The remaining of this paper is organized as follows: rudimentary concepts, like definitions and lemmas, are given in Section 2. The existence of the mild solution for nonlinear neutral implicit impulsive FIDEs involving $\mathcal{ABC}$ fractional derivative with delay is verified in Section 3. The controllability of the nonlinear neutral implicit impulsive FIDEs involving $\mathcal{ABC}$ with delay is examined in Section 4. An example is provided in Section 5 to demonstrate the applicability of the proposed problem.

2. Preliminaries

Let us define $\grave{\mathcal{PC}}([-\mathfrak{r}, 0], \Re) = \{ {s}:[-\mathfrak{r}, 0] \rightarrow \Re: {s} \in \grave{\mathcal{C}}((t_{i}, t_{i+1}], \Re), \ i = 0, 1, ...\ell,$ and $\exists \ {s}(t_{i}^{-})$ and ${s}(t_{i}^{+}), \ i = 1....\ell,$ with ${s}(t_{i}^{-}) = {s}(t_{i}^{+})\}.$

$\grave{\mathcal{PC}}([-\mathfrak{r}, 0], \Re)$ denotes the Banach space, having norm $\| {s}\|_{\grave{\mathcal{PC}}} = \sup\limits_{t\in [-\mathfrak{r}, 0]} \Vert {s}(t) \Vert.$

$\grave{\mathcal{PC}_{1}}([0, \top], \Re) = \{ {s}:[0, \top] \rightarrow \Re: {s} \in \grave{\mathcal{C}}((t_{i}, t_{i+1}], \Re), \ i = 0, 1, ...\ell,$ and $\exists \ {s}(t_{i}^{-})$ and ${s}(t_{i}^{+}), \ i = 1, ..., \ell, \ \text{with} \ {s}(t_{i}^{-}) = {s}(t_{i}^{+})\}. \; \grave{\mathcal{PC}_{1}}([0, \top], \Re)$ represents the Banach space, having norm $\| {s}\|_{\grave{\mathcal{PC}}_{1}} = \sup\limits_{t \in [0, \top]} \Vert {s}(t) \Vert,$

$\Omega = \Biggl\{ {s}: [-\mathfrak{r},\top] \rightarrow \Re: {s}|_{\substack{[-\mathfrak{r},0]}}\in \grave{\mathcal{PC}}([-\mathfrak{r},0],\Re) \ \text{and} \ {s}|_{\substack{[0,\top]}}\in \grave{\mathcal{PC}_{1}}([0,\top],\Re) \Biggr\}.$

$\Omega$ holds the properties of Banach space with norm $\| {s}\|_{\Omega} = \sup\limits_{t\in [-\mathfrak{r}, \top]} \Vert {s}(t)\Vert.$

Remark 1 ([^[7,8,10,12]]). $\grave{\mathcal{PC}}([0, \top], \Re)$ is the Banach space, which is a complete normed vector space ( $\grave{\mathcal{PC}}, \Vert. \Vert$ ) with the following properties:

(1) $\Vert f \Vert \geq 0$ and $\Vert f \Vert = 0$ if and only if $f = 0, \; \; \; \forall \; f\; \in \grave{\mathcal{PC}}([0, \top], \Re)$ .

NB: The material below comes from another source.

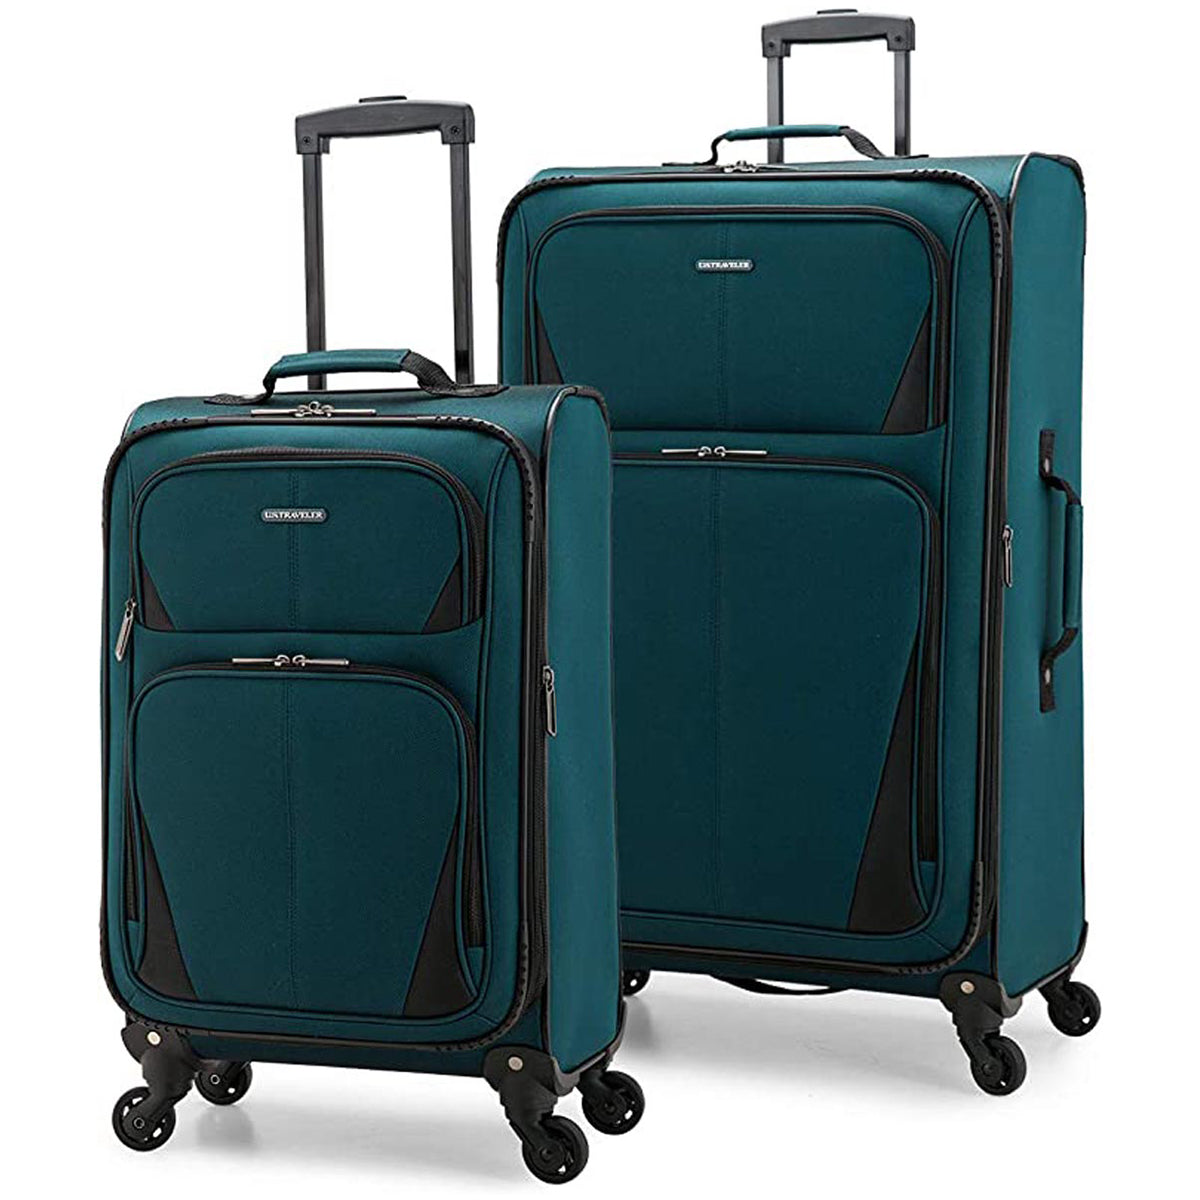 U.S. Traveler Aviron Bay Expandable Softside Luggage with Spinner Wheels, 2 Piece

(2) $\Vert \beta f \Vert = \vert \beta \vert\; \; \; \Vert f \Vert, \; \; where\; \; \beta$ is a scalar, $\forall f \in \grave{\mathcal{PC}}([0, \top], \Re) \; \; and\; \; \beta \in \Re.$

(3) $\Vert f+g \Vert \leq \Vert f \Vert + \Vert g \Vert, \forall \; \; f\; \; and\; \; g\in \grave{\mathcal{PC}}([0, \top], \Re).$

Definition 1 ([^[7,8,10,12]]). The non-integer order $\mathcal{ABC}$ derivative of $f(t)$ is

$\begin{align*} ^{\mathcal{ABC}}_{0}{D}^{\alpha}_{t} f(t) = \frac{\mathbb{N}(\alpha)}{1-\alpha}\int_{0}^{\top} f'({\mathfrak{z}})\mathbb{E}_{\alpha}\left[\frac{-\alpha(t-\mathfrak{z})}{1-\alpha}\right]d\mathfrak{z}, \end{align*}$

where, $\alpha \in (0, 1]$ and $\alpha \in \mathbb{E}^1(0, \top). \; \mathbb{N}(\alpha)$ is the normalization function satisfying $\mathbb{N}(0) = \mathbb{N}(1) = 1$ and $\mathbb{E}_{\alpha} = {\sum\limits^{\infty}_{i = 0}} \frac{t^{i \alpha}}{(\alpha i+1)}$ is a special function, introduced by Mittag-Leffler.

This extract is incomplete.